In CockroachDB, we incorporated all of the changes presented in this blog post into our vectorized execution engine. This resulted in improving the CPU time of our own microbenchmarks by up to 70x, and the end-to-end latency of some queries in the industry-standard TPC-H benchmark by as much as 4x. The end-to-end latency improvement we achieved is a lot smaller than the improvement achieved in our toy example, but note that we only focused on improving the in-memory execution of a query in this blog post. When running TPC-H queries on CockroachDB, data needs to be read from disk in its original row-oriented format before processing, which will account for the lion’s share of the query’s execution latency. Nevertheless, this is a great improvement. 在CockratchDB中,我们将这篇博客文章中所做的所有更改都整合到了我们的矢量化执行引擎中。这使得我们自己的微基准测试的CPU时间提高了70倍,行业标准TPC-H基准测试中一些查询的端到端延迟提高了4倍。我们实现的端到端延迟改进比玩具示例中实现的改进要小得多,但请注意,在这篇博客文章中,我们只关注于改进查询的内存执行。在CockratchDB上运行TPC-H查询时,在处理之前,需要以原始的面向行格式从磁盘读取数据,这将占查询执行延迟的大部分。尽管如此,这是一个很大的改进。

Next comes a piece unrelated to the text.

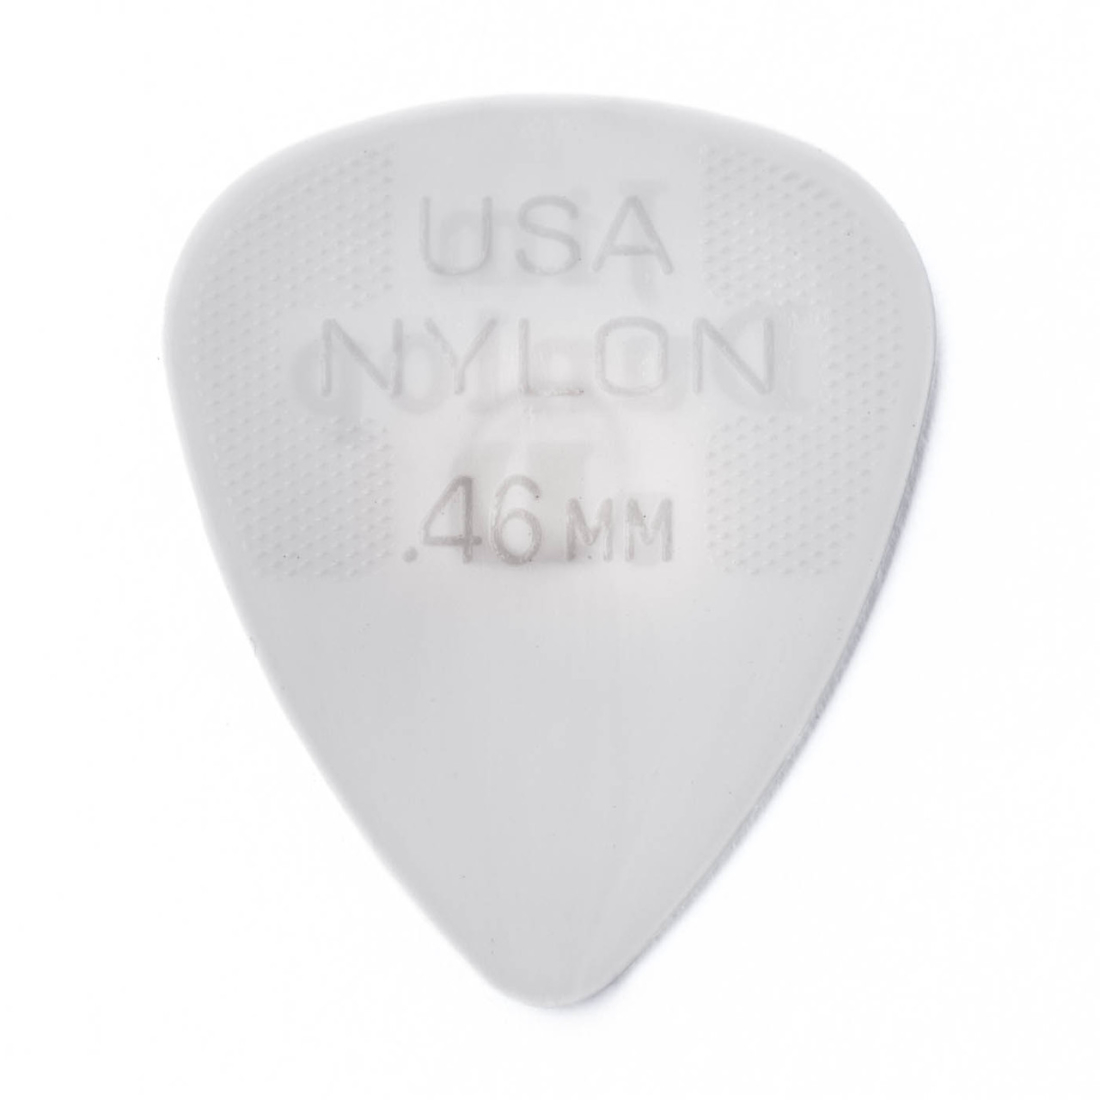 Nylon Player Pack (72 Pack) - 46mm

In CockroachDB 19.2, you will be able to enjoy these performance benefits on many common scan, join and aggregation queries. Here’s a demonstration of the original sample query from this blog post, which runs nearly 2 times as fast with our new vectorized engine: 在蟑螂数据库19.2中,您将能够在许多常见的扫描、连接和聚合查询中享受这些性能优势。以下是这篇博客文章中的原始示例查询的演示,它的运行速度是我们新的矢量化引擎的近2倍:
oot@127.0.0.1:64128/defaultdb> CREATE TABLE inventory (id INT PRIMARY KEY, price FLOAT);
CREATE TABLE
Time: 2.78ms
root@127.0.0.1:64128/defaultdb> INSERT INTO inventory SELECT id, random()*10 FROM generate_series(1,10000000) g(id);
INSERT 100000
Time: 521.757ms
root@127.0.0.1:64128/defaultdb> EXPLAIN SELECT count(*) FROM inventory WHERE price * 0.8 > 3;
tree | field | description
+----------------+-------------+---------------------+
| distributed | true
| vectorized | true
group | |
│ | aggregate 0 | count_rows()
│ | scalar |
└── render | |
└── scan | |
| table | inventory@primary
| spans | ALL
| filter | (price * 0.8) > 3.0
(10 rows)
Time: 3.076ms
The EXPLAIN plan for this query shows that the vectorized field is true, which means that the query will be run with the vectorized engine by default. And, sure enough, running this query with the engine on and off shows a modest performance difference: 此查询的EXPLAIN计划显示矢量化字段为true,这意味着默认情况下将使用矢量化引擎运行查询。毫无疑问,在引擎打开和关闭的情况下运行此查询显示出适度的性能差异:
root@127.0.0.1:64128/defaultdb> SELECT count(*) FROM inventory WHERE price * 0.8 > 3;
count
+---------+
6252335
(1 row)
Time: 3.587261s
root@127.0.0.1:64128/defaultdb> set vectorize=off;
SET
Time: 283µs
root@127.0.0.1:64128/defaultdb> SELECT count(*) FROM inventory WHERE price * 0.8 > 3;
count
+---------+
6252335
(1 row)
Time: 5.847703s
In CockroachDB 19.2, the new vectorized engine is automatically enabled for supported queries that are likely to read more rows than the vectorize_row_count_threshold setting (which defaults to 1,024). Queries with buffering operators that could potentially use an unbounded amount of memory (like global sorts, hash joins, and unordered aggregations) are implemented but not yet enabled by default. For full details of what is and isn’t on by default, check out the vectorized execution engine docs. And to learn more about how we built more complicated vectorized operators check out our blog posts on the vectorized hash joiner and the vectorized merge joiner. 在蟑螂数据库19.2中,新的矢量化引擎会自动为支持的查询启用,这些查询可能读取比矢量化_row_count_threshold设置(默认为1024)更多的行。带有缓冲运算符的查询可能会使用无限量的内存(如全局排序、哈希联接和无序聚合),这些查询已实现,但默认情况下尚未启用。有关默认情况下启用和不启用的全部详细信息,请查看矢量化执行引擎文档。要了解更多关于我们如何构建更复杂的矢量化运算符的信息,请查看我们关于矢量化哈希联接器和矢量化合并联接器的博客文章。